TASK PROMPT: What you return should be the full listing, word for word, without a single image.

GIVEN INFORMATION:
+ + + +

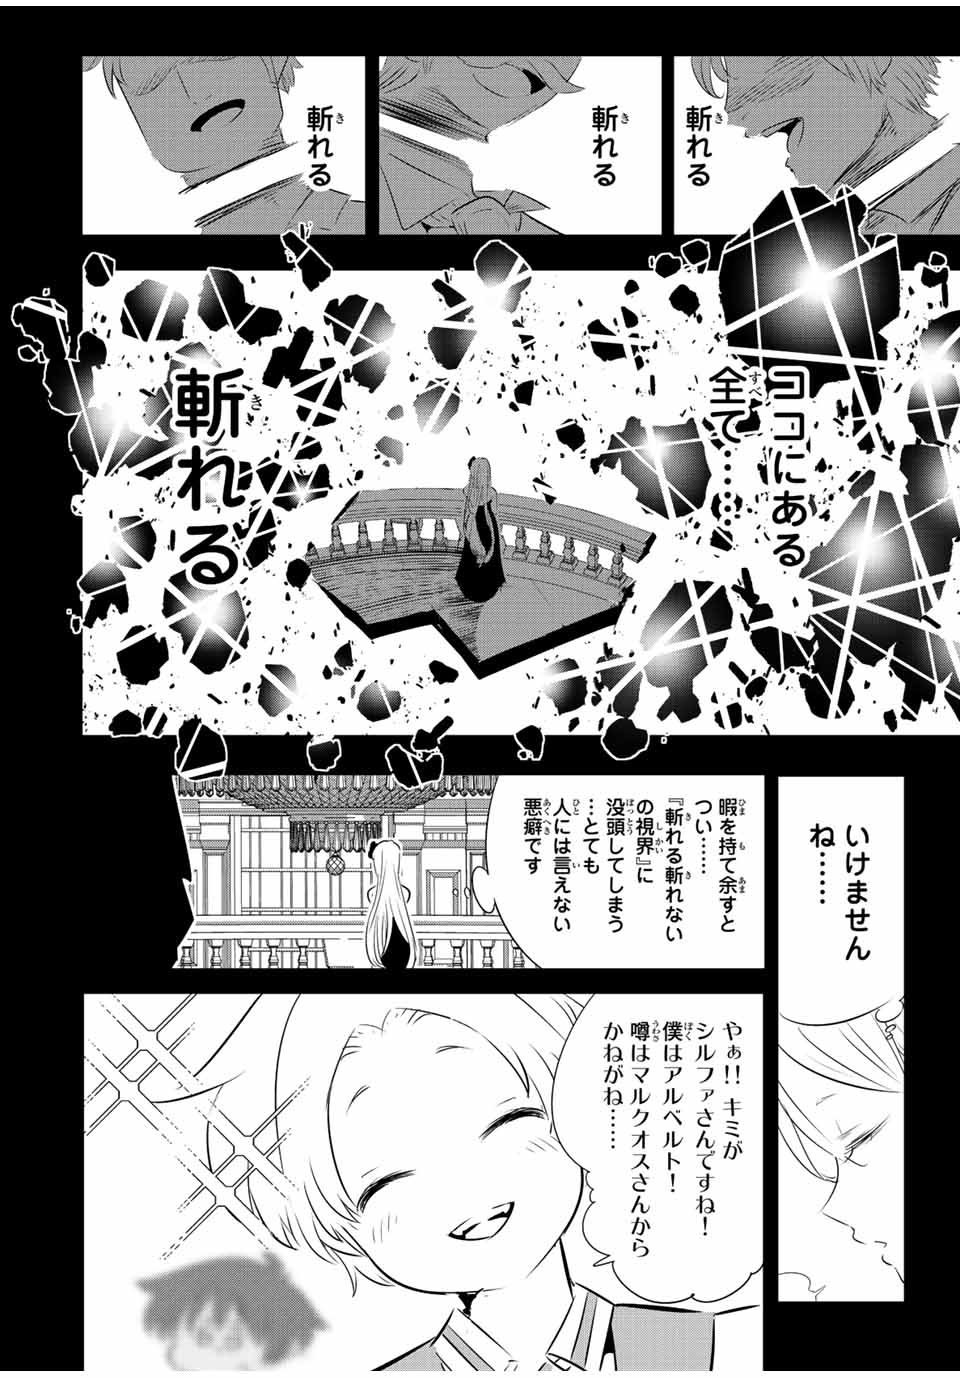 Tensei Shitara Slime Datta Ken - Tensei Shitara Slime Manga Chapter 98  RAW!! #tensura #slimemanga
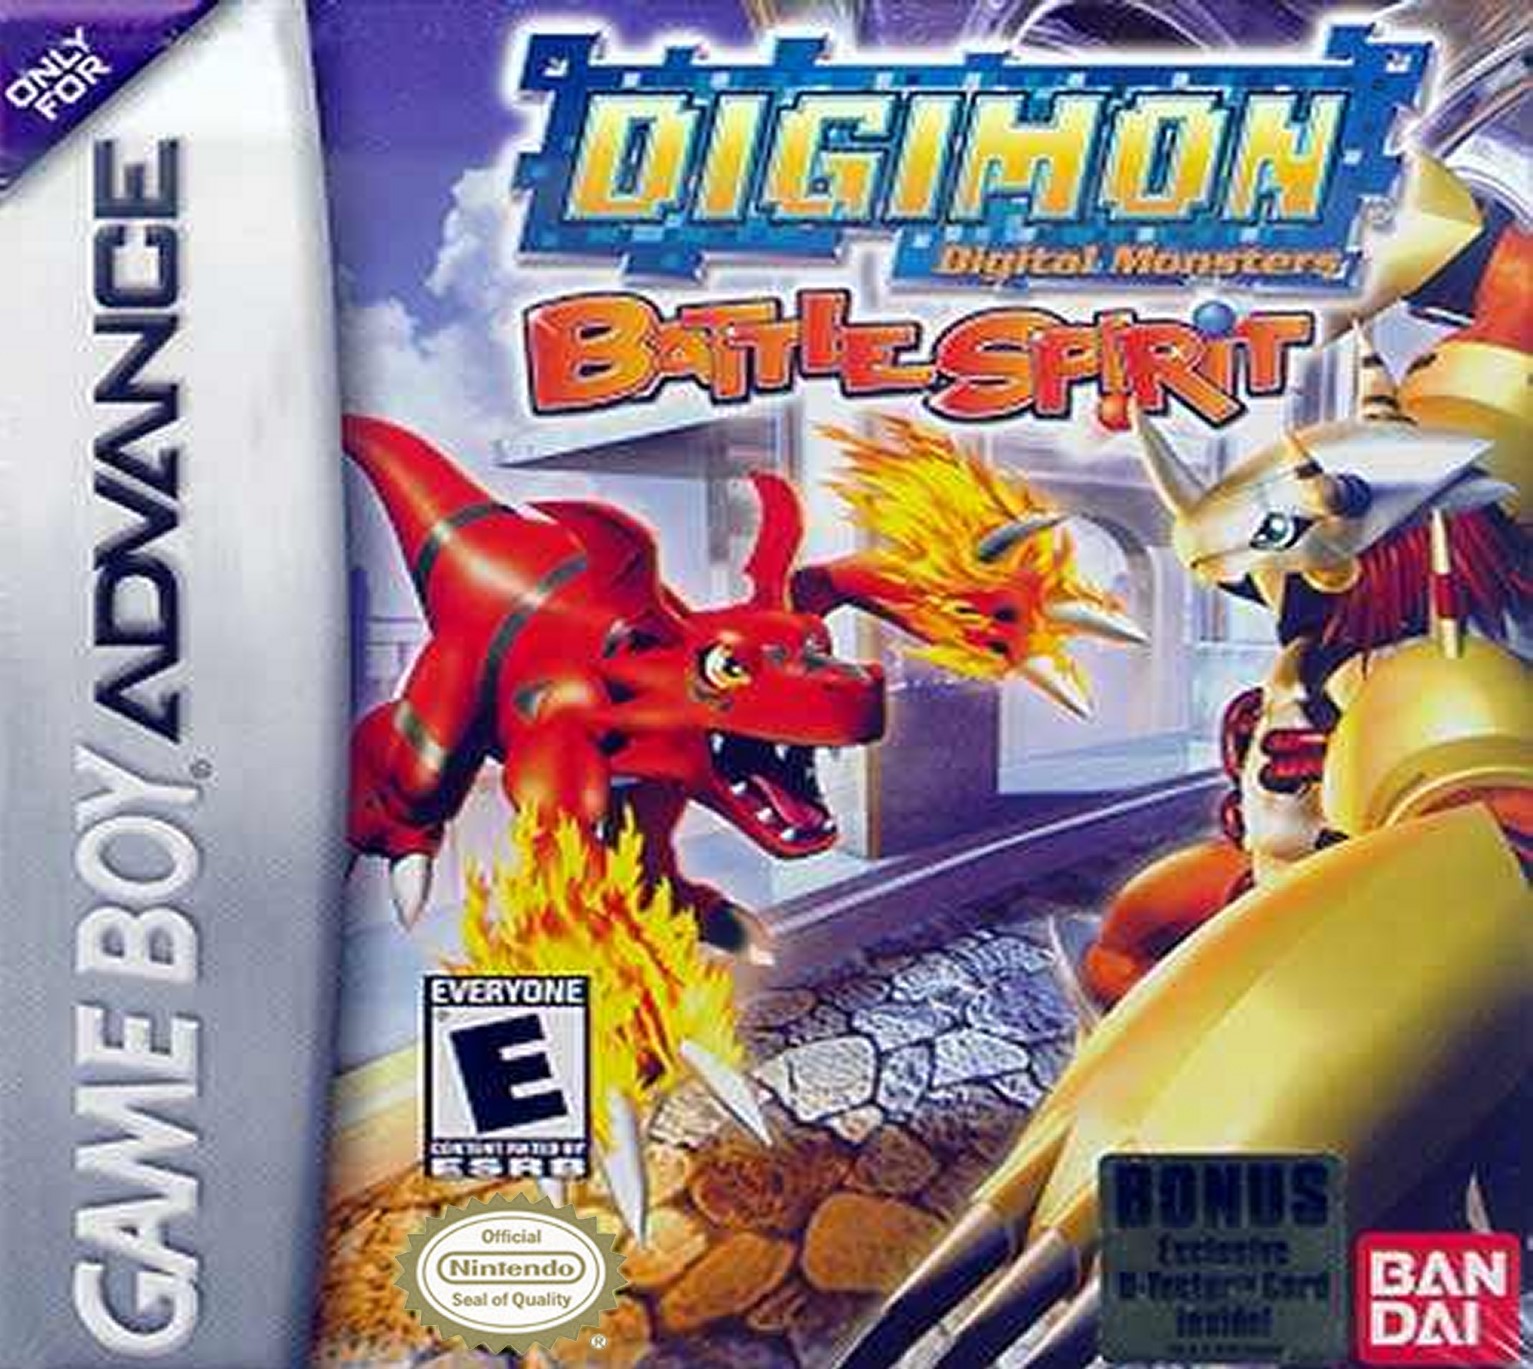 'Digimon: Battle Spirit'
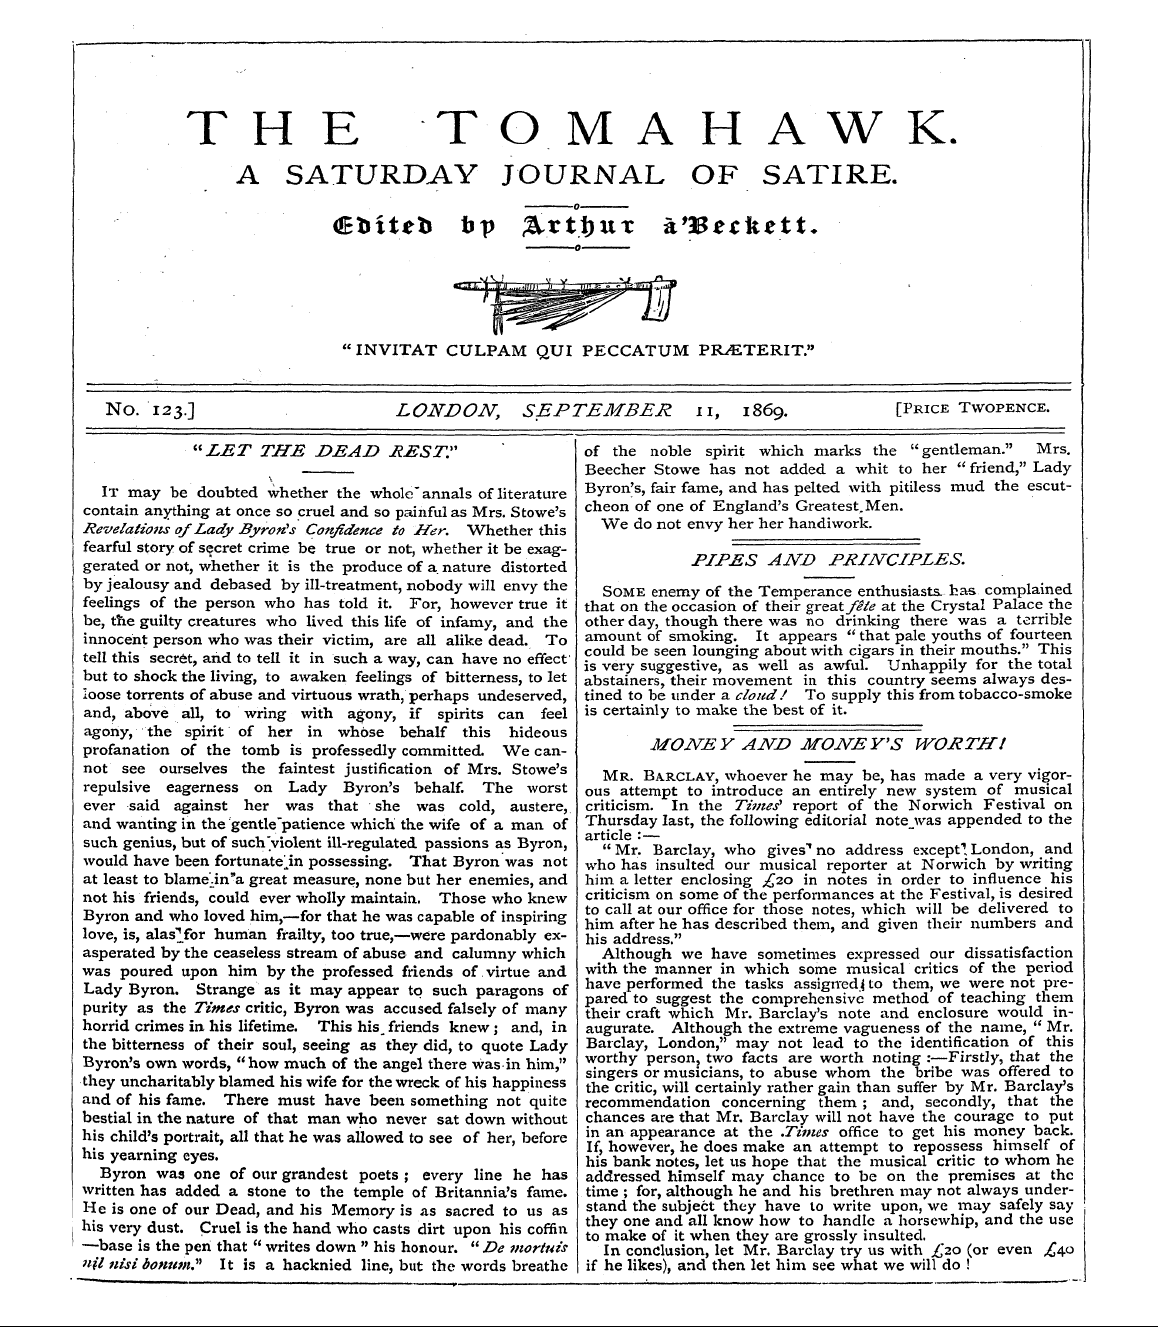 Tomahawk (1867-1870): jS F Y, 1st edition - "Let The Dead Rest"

+ + + +

ANSWER TO THIS EXERCISE:
 Tensei Shitara Slime Datta Ken - Tensei Shitara Slime Manga Chapter 98  RAW!! #tensura #slimemanga
 'Digimon: Battle Spirit'
 Tomahawk (1867-1870): jS F Y, 1st edition - "Let The Dead Rest"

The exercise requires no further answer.